4. Authentication: server issues a challenge
import { generateAuthenticationOptions } from '@simplewebauthn/server';
app.post('/webauthn/login/start', async (req, res) => {
const options = await generateAuthenticationOptions({
rpID,
userVerification: 'preferred',
// allowCredentials can be empty for usernameless/discoverable passkeys
});
await db.saveLoginChallenge(req.sessionID, options.challenge);
res.json(options);
});
5. Authentication: browser signs, server verifies
import { startAuthentication } from '@simplewebauthn/browser';
const options = await fetch('/webauthn/login/start', { method: 'POST' }).then((r) => r.json());
const asseResp = await startAuthentication({ optionsJSON: options });
await fetch('/webauthn/login/finish', {
method: 'POST', headers: { 'content-type': 'application/json' },
body: JSON.stringify(asseResp),
});
import { verifyAuthenticationResponse } from '@simplewebauthn/server';
app.post('/webauthn/login/finish', async (req, res) => {
const cred = await db.getCredentialById(req.body.id);
if (!cred) return res.status(404).json({ error: 'unknown_credential' });
const verification = await verifyAuthenticationResponse({
response: req.body,
expectedChallenge: await db.getLoginChallenge(req.sessionID),
expectedOrigin: origin,
expectedRPID: rpID,
credential: {
id: cred.credentialID,
publicKey: cred.publicKey,
counter: cred.counter,
},
});
if (!verification.verified) return res.status(401).json({ error: 'auth_failed' });
await db.updateCounter(cred.credentialID, verification.authenticationInfo.newCounter);
// Establish your session here.
res.json({ verified: true });
});
What to get right
- Verify the origin and RP ID on the server. This is what stops a phished credential from a look-alike domain. Never trust client-reported values.

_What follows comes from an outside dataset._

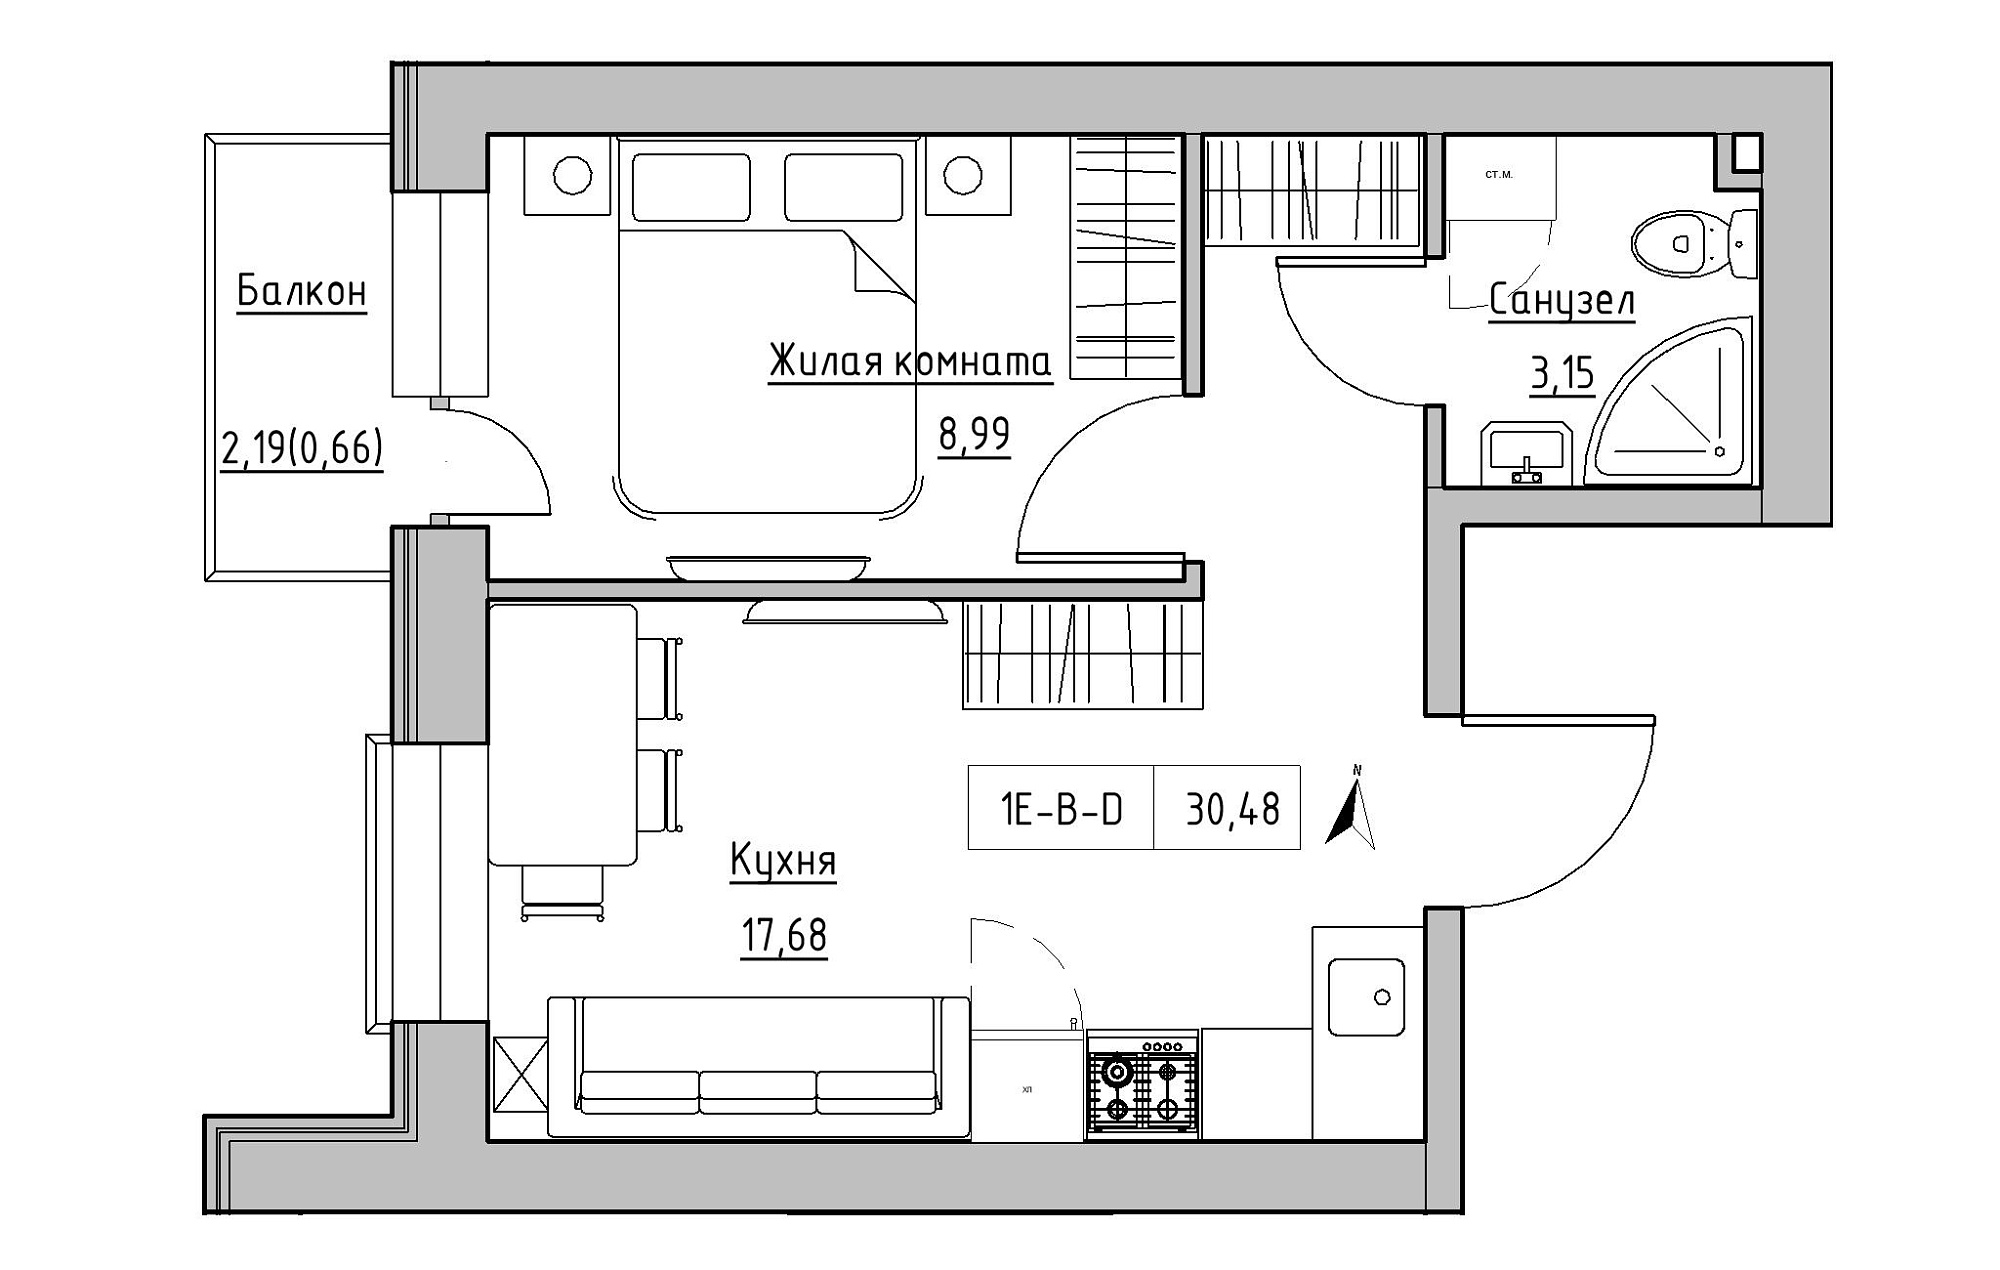 Планування 1-к квартира площею 30.48м2, KS-019-04/0003.

- Persist and check the signature counter to detect cloned authenticators, where supported.
- Offer discoverable (resident) credentials so users can log in without typing a username, the smoothest passkey experience.
- Keep a fallback. Let users register more than one passkey, and keep a recovery path for a lost device.
Passkeys are the practical form of phishing-resistant authentication discussed in the authentication guide. The protocol is specified in WebAuthn / FIDO2.